__Work instruction__:
What you return should match every record exactly, with the images removed.

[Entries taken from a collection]
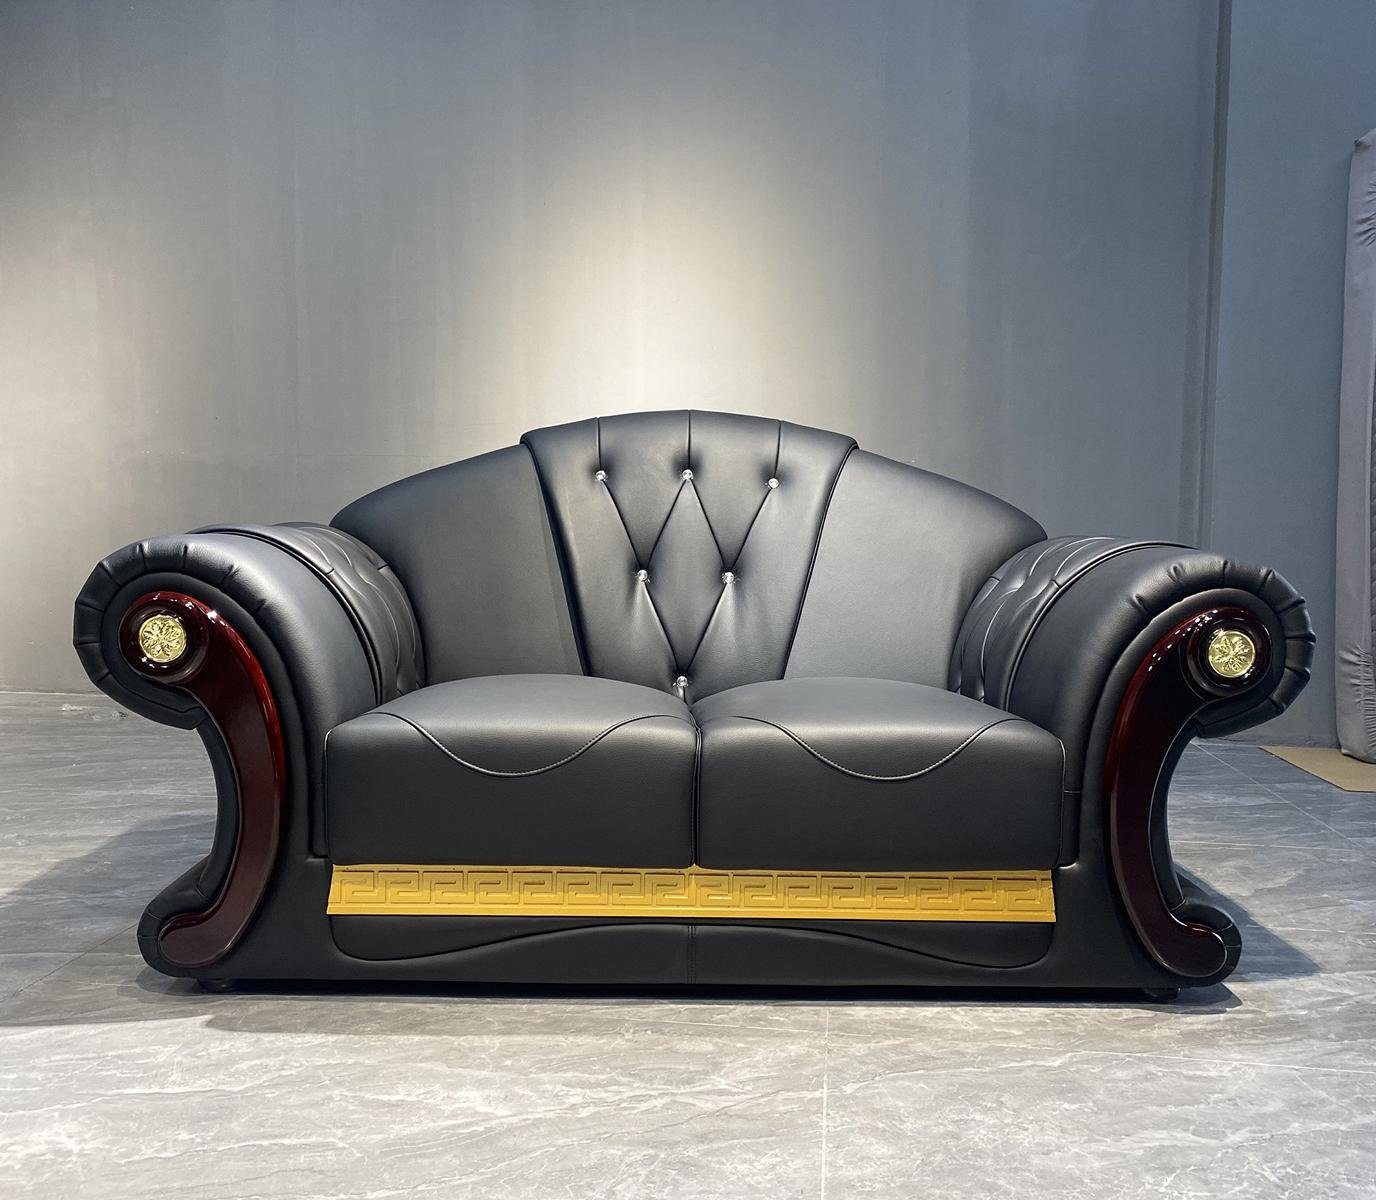 Europe Klassische Sofa, Möbel Design Zweisitzer JVmoebel Made Chesterfield Couch Sofa in
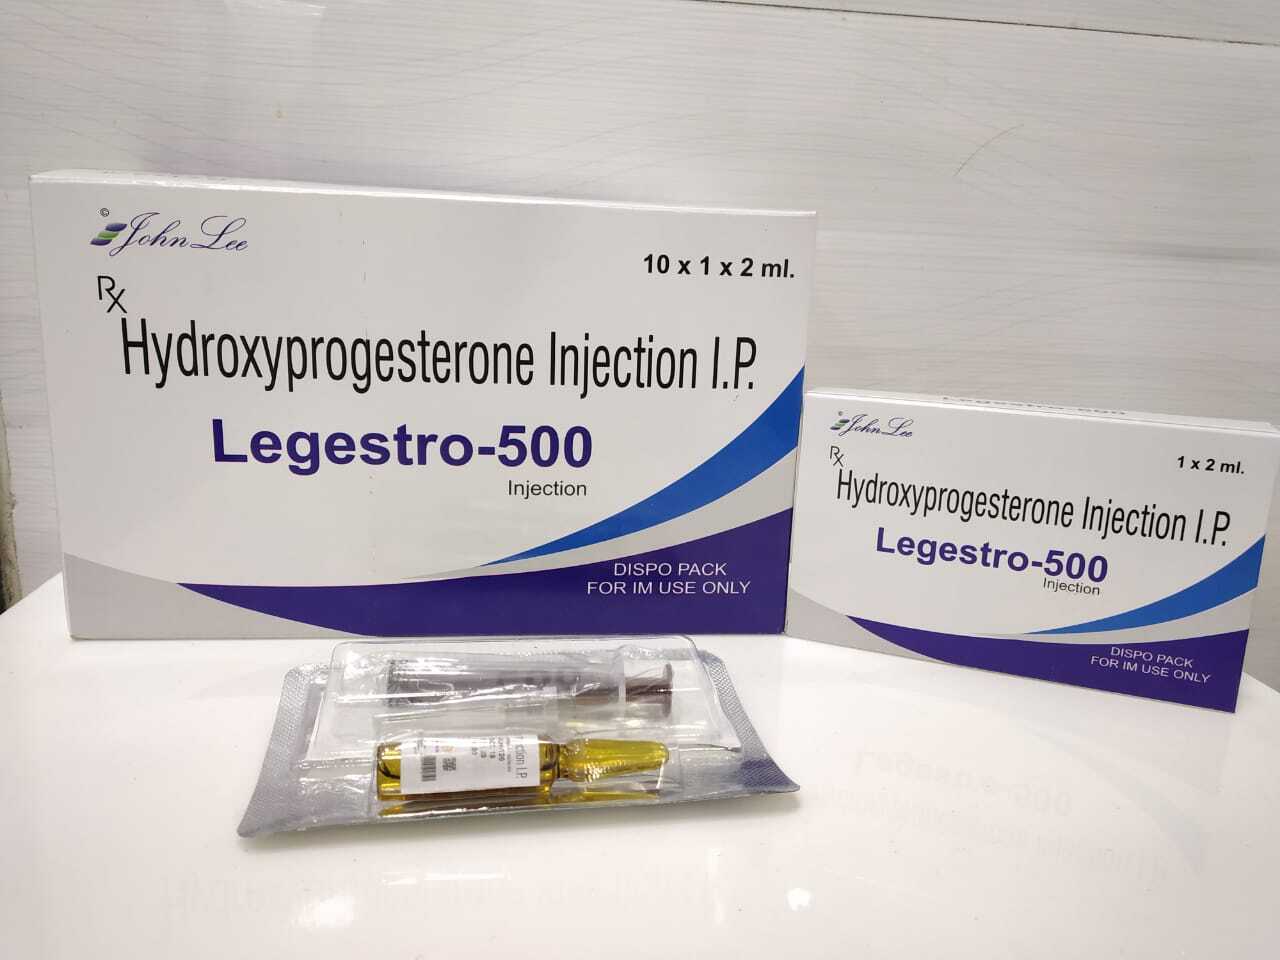 Hydroxy progesterone Caproate Injection
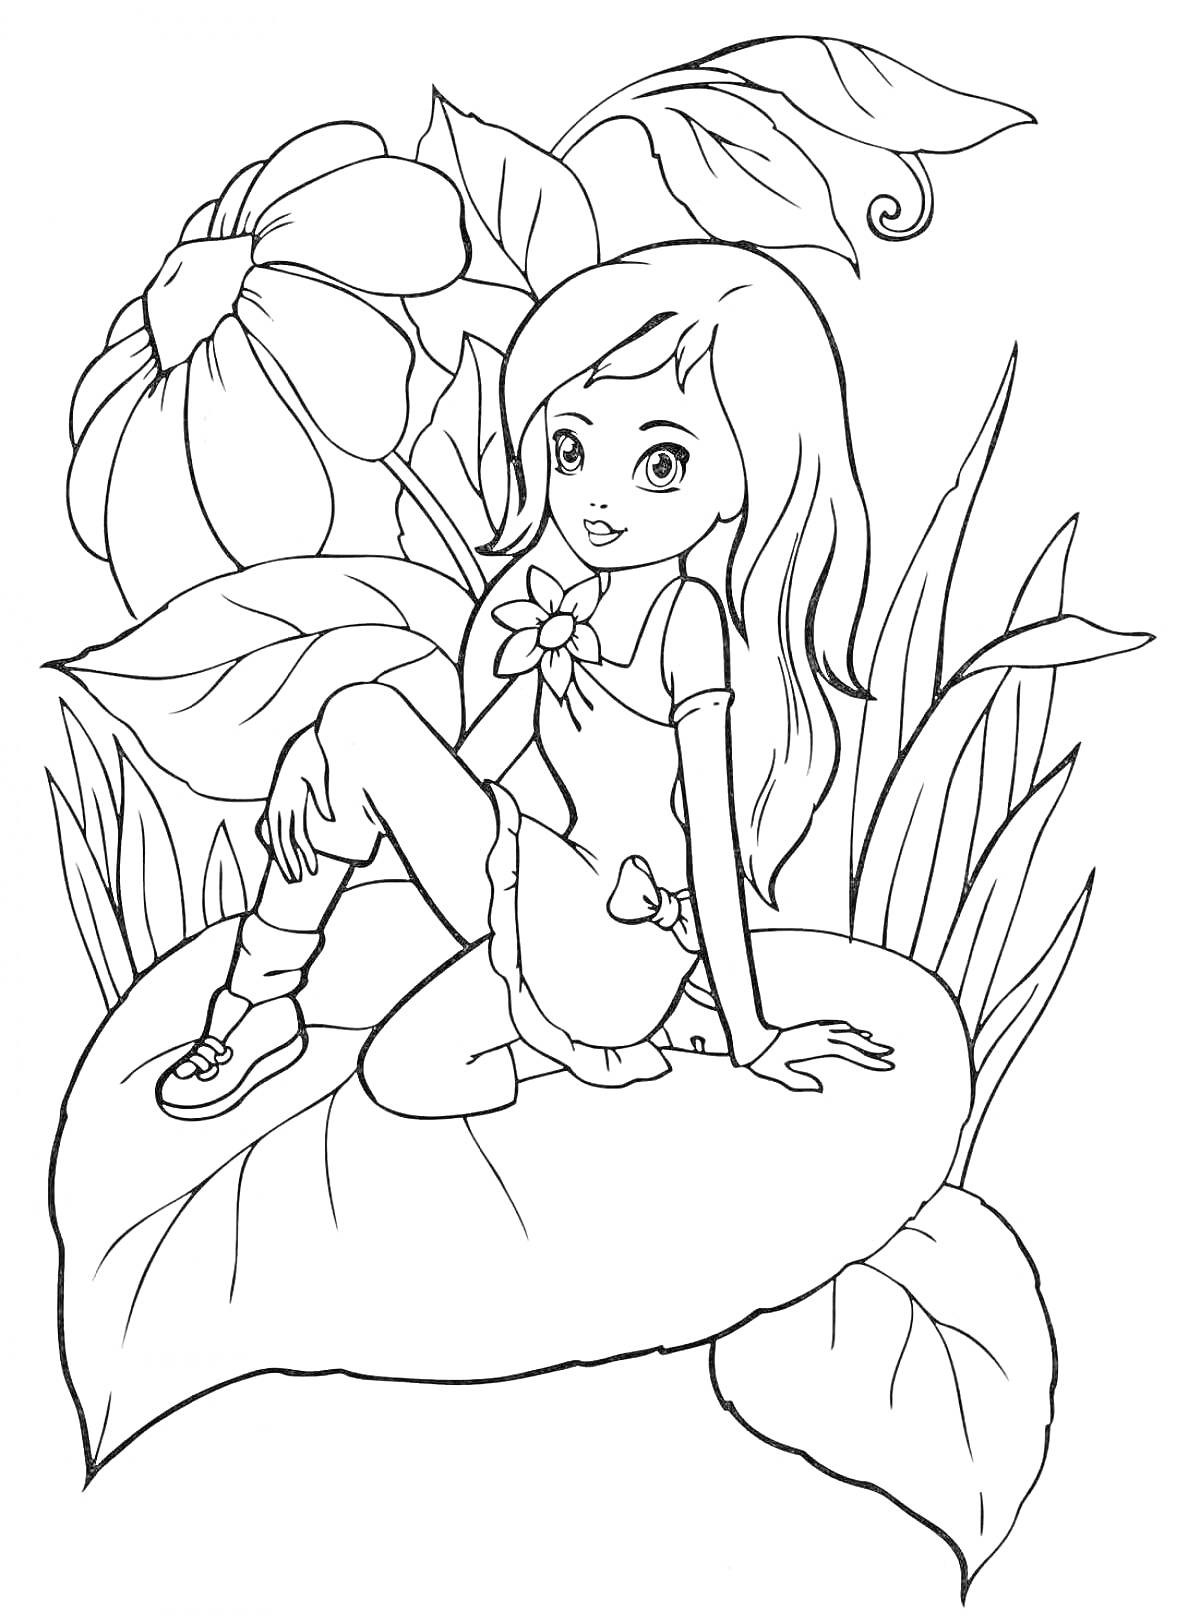 Раскраска Девочка Энчантимус сидит на большом листе среди больших цветов и листьев
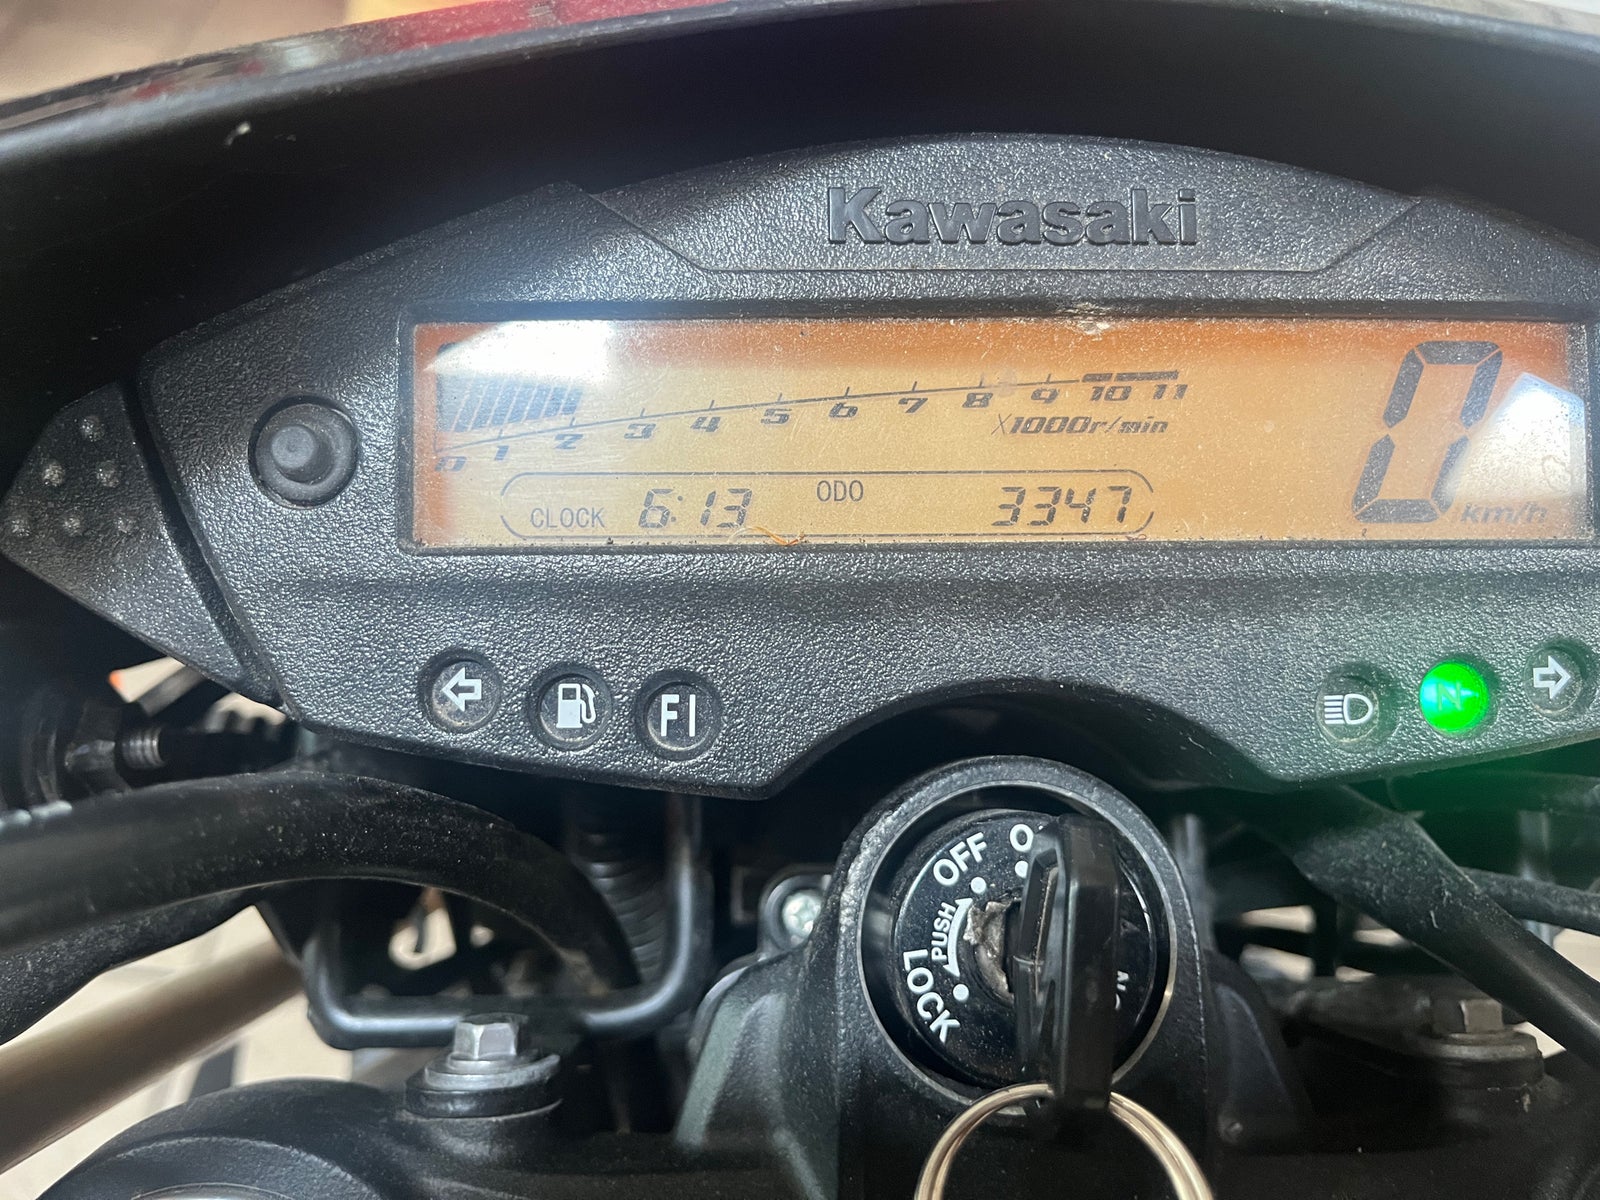 Yamaha, Kawasaki d-tracker, 125 ccm
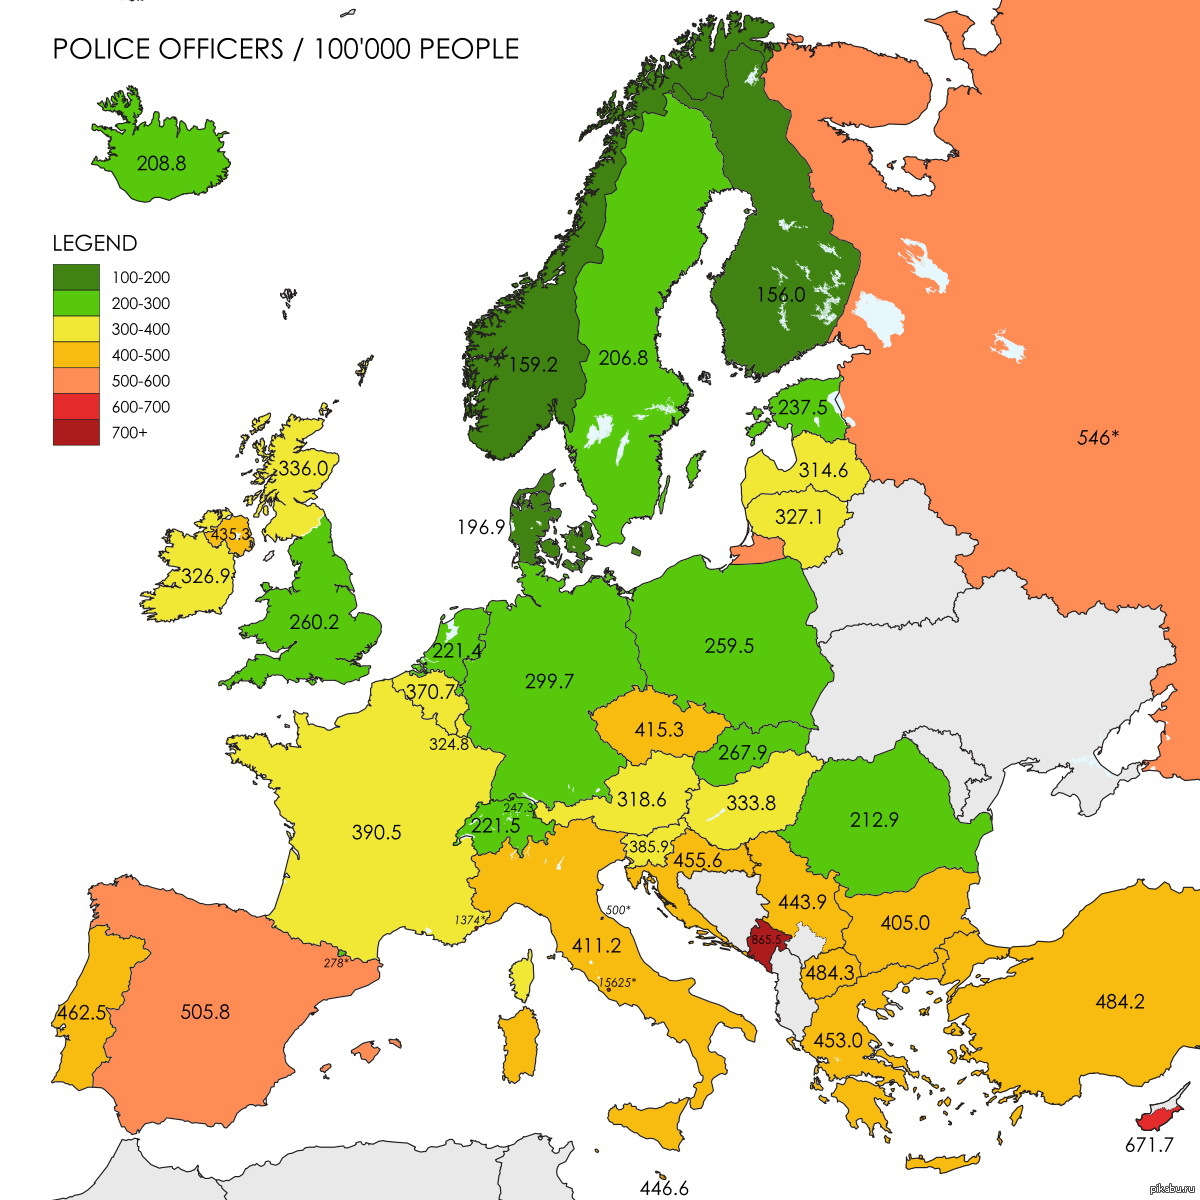 Количество населения стран европы. Население Европы. Количество полицейских в странах Европы. Численность населения Европы. Карта Европы с численностью населения.
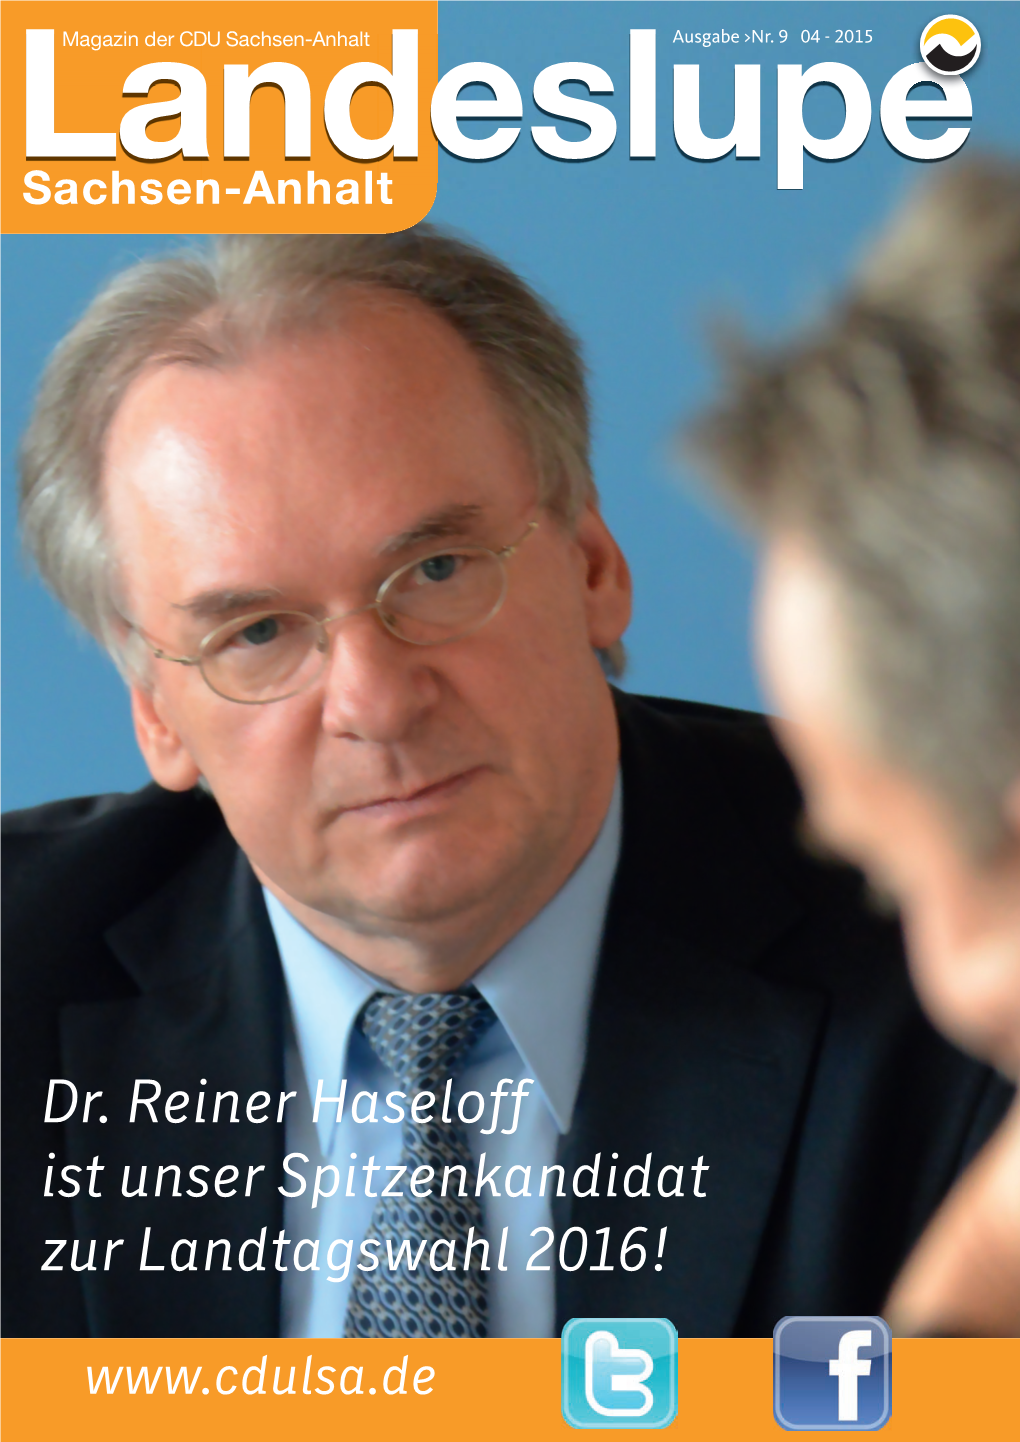 Dr. Reiner Haseloff Ist Unser Spitzenkandidat Zur Landtagswahl 2016!

__Exercise output__:
 Europe Klassische Sofa, Möbel Design Zweisitzer JVmoebel Made Chesterfield Couch Sofa in
 Hydroxy progesterone Caproate Injection
 Раскраска Девочка Энчантимус сидит на большом листе среди больших цветов и листьев
 Yamaha, Kawasaki d-tracker, 125 ccm
 Количество населения стран европы. Население Европы. Количество полицейских в странах Европы. Численность населения Европы. Карта Европы с численностью населения.
 Dr. Reiner Haseloff Ist Unser Spitzenkandidat Zur Landtagswahl 2016!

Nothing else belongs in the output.